Calculator Inputs
Example Data Table
| Observation | X | Y | Comment |
|---|---|---|---|
| 1 | 1.0 | 2.1 | Early baseline point |
| 2 | 2.0 | 2.9 | Near fitted trend |
| 3 | 3.0 | 4.2 | Moderate upward movement |
| 4 | 4.0 | 5.0 | Steady continuation |
| 5 | 5.0 | 6.1 | Stable observation |
| 6 | 6.0 | 7.4 | Above line slightly |
| 7 | 7.0 | 7.8 | Below line slightly |
| 8 | 8.0 | 9.2 | Regular increase |
| 9 | 9.0 | 10.1 | Near trend fit |
| 10 | 10.0 | 13.8 | Mild high-side outlier |
Formula Used
Main fitted line: ŷ = a + b x
Theil-Sen slope: compute every valid pairwise slope, then take the median.
b = median((yj - yi) / (xj - xi)), for all pairs where xj ≠ xi.
Intercept: calculate a = median(yi - b xi).
Predicted value: ŷi = a + b xi.
Residual: ei = yi - ŷi.
MAE: average absolute residual size.
RMSE: square root of the mean squared residual.
Pseudo R²: 1 - SSE / SST, where SSE = Σe² and SST = Σ(y - ȳ)².
Spearman rank correlation: Pearson correlation applied to average ranks.
Kendall tau-b: compares concordant and discordant pairs while adjusting for ties.
Repeated median option: take the median slope around each point first, then the median of those pointwise medians.
How to Use This Calculator
- Enter one x,y pair on each line in the dataset box.
- Select either Theil-Sen Median Slope or Siegel Repeated Median.
- Choose the slope percentile band and number of decimal places.
- Optionally enter a future or target x-value for prediction.
- Pick how you want the detailed result table sorted.
- Press Run Rank Based Regression.
- Review the result summary above the form, inspect the Plotly graph, and compare actual versus fitted values.
- Use the CSV or PDF buttons to export the summary and fitted table.
Frequently Asked Questions
1) What does rank based regression mean here?
Here it means a robust line-fitting approach tied to rank-style association. The calculator fits a median-based trend line and also reports Spearman and Kendall rank measures for added interpretation.
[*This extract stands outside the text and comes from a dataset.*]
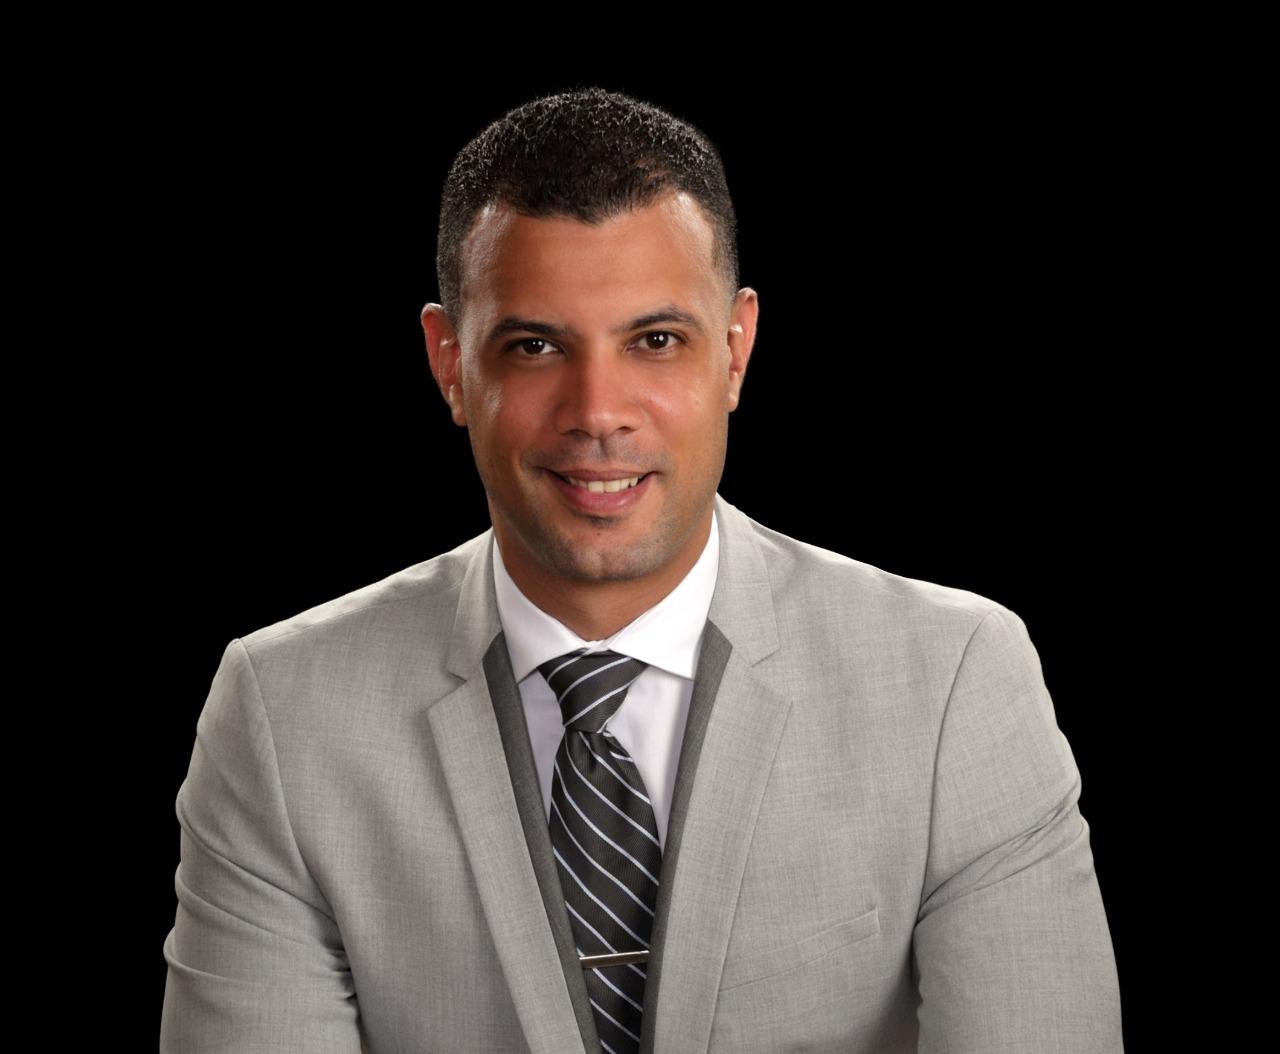 Cemex designa a Rafael Villalona como director en los Emiratos Árabes

2) Why use this instead of ordinary least squares?
Ordinary least squares can be strongly pulled by unusual observations. Median-slope methods are often steadier when data contain outliers, skewness, or small departures from a clean linear pattern.
3) What is the difference between Theil-Sen and repeated median?
Theil-Sen uses the median of all valid pairwise slopes. Repeated median first computes a median slope around every point, then takes the median of those values. The second option is usually more resistant to difficult points.
4) Can I include duplicate x-values?
Yes, but at least two distinct x-values are required overall. Pairs with identical x-values do not produce usable slopes, so they are skipped during estimation.
5) What does the slope percentile band show?
It shows lower and upper percentiles from the slope distribution used by the robust fit. It is a practical spread indicator for slope stability, not a formal inferential guarantee.
6) How are outliers flagged?
Potential outliers are flagged from residual size using a robust residual scale derived from the median absolute deviation. It is a screening signal, not an automatic decision rule.
7) What minimum data size should I use?
Three or more pairs are recommended. Two points define a line, but they do not provide enough structure for meaningful diagnostics, rank comparisons, or residual interpretation.
8) Can I use the calculator for forecasting?
Yes, for cautious short-range prediction. Enter a target x-value and the calculator will estimate y from the fitted robust line. Forecast reliability still depends on data quality and pattern stability.